His closing hits the nail on the head -- it has taken some time, but the true Spirit of the Council is finally coming to the forefront as more people are actually reading the documents and reflecting on them in light of authentic Catholic tradition.  It turns out that the Council documents don't actually call for hideously ugly churches, ripping out altar rails, the abandonment of sacred music, or lay participation in Holy Mass taken to the extreme -- who'd have thunk!?
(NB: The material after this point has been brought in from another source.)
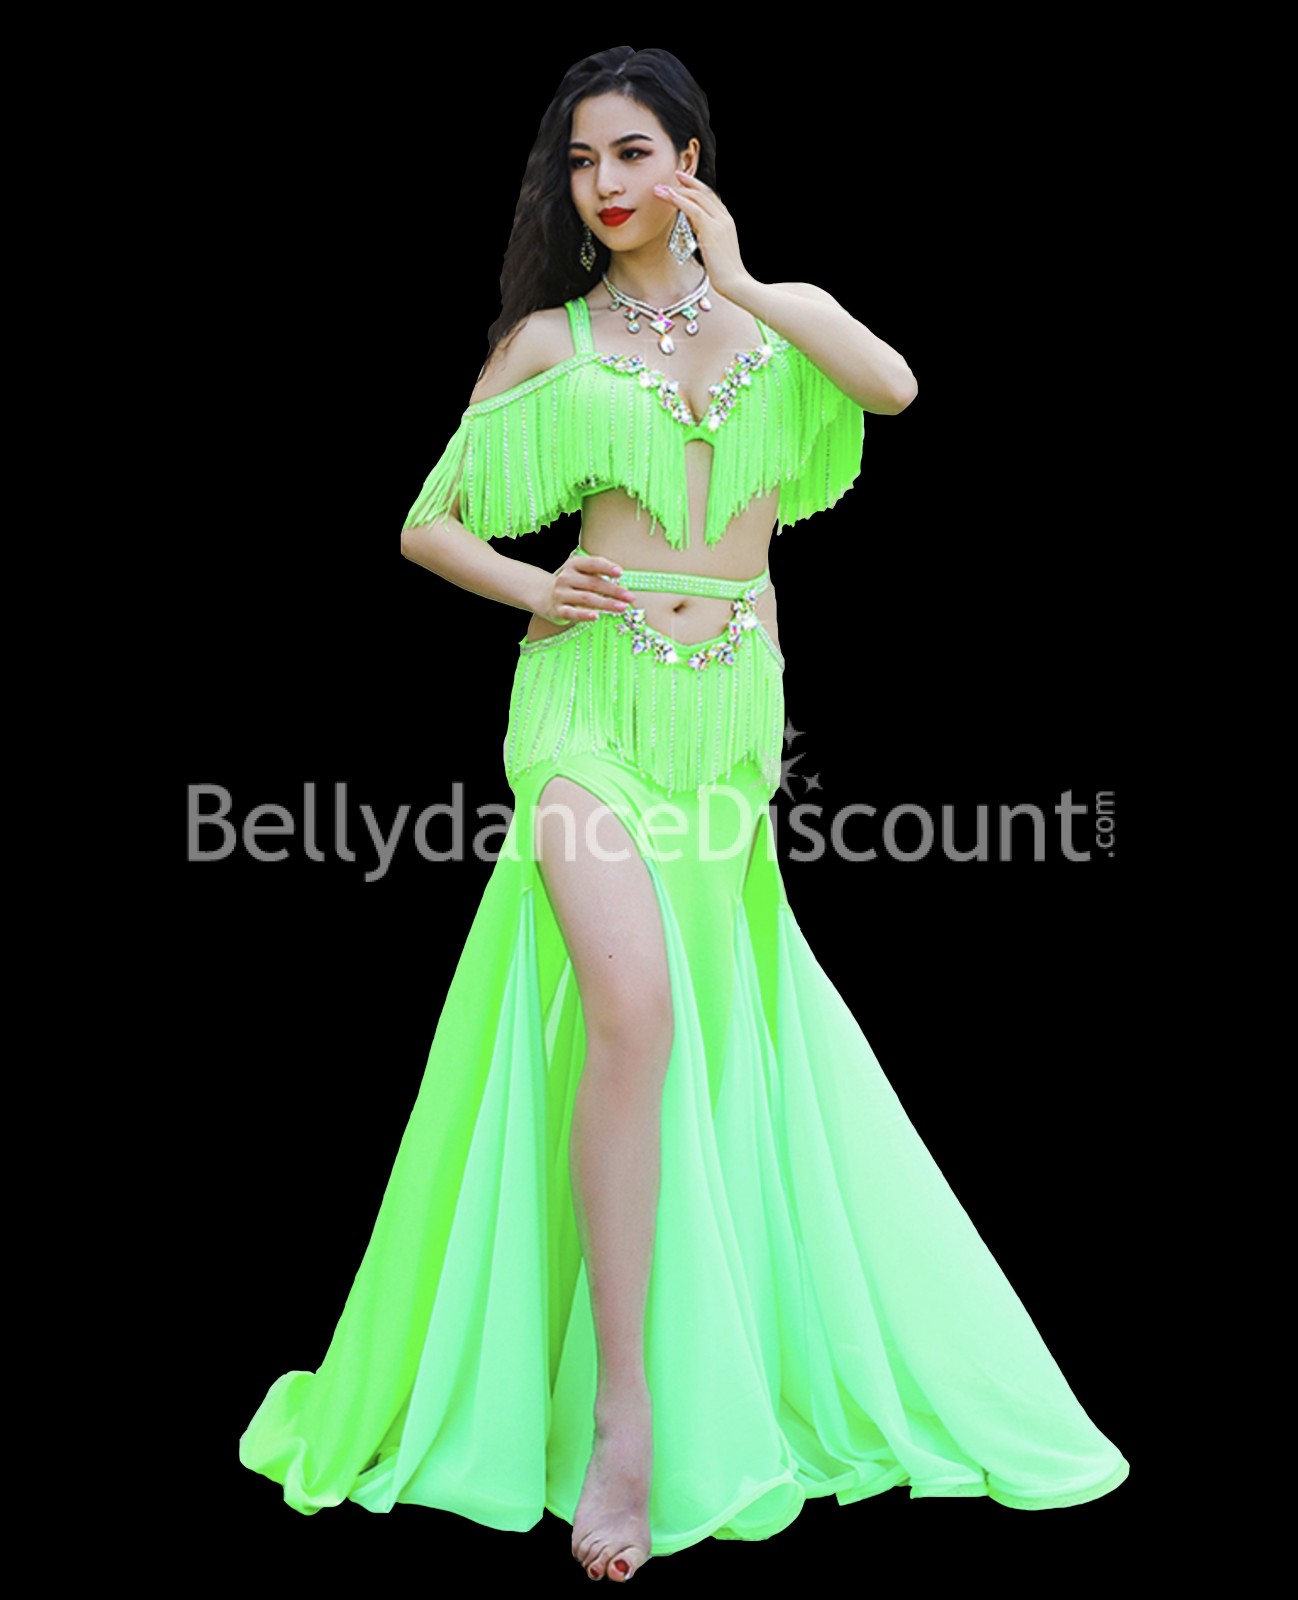 Costume de danse orientale vert d'eau et or

With these issues in mind, I begin this series on Vatican II.  My first stop will be Sacrosanctum Concilium (unsurprising for those who know my affinity for liturgical matters...).  The number of posts I devote to each of the four major constitutions will depend on how quickly I read them and how many points I find striking in each document.  I can warn you already, there will be quite a few on Sacrosanctum Concilium :-).  I also may intersperse other posts among this series.

My goal in this series is to offer my reflections, such as they are, on the documents and highlight what the texts actually say as opposed to what people want them to say or what the oft-touted "Spirit of Vatican II" says (hint: it's almost never what the Council actually said).  Off we go!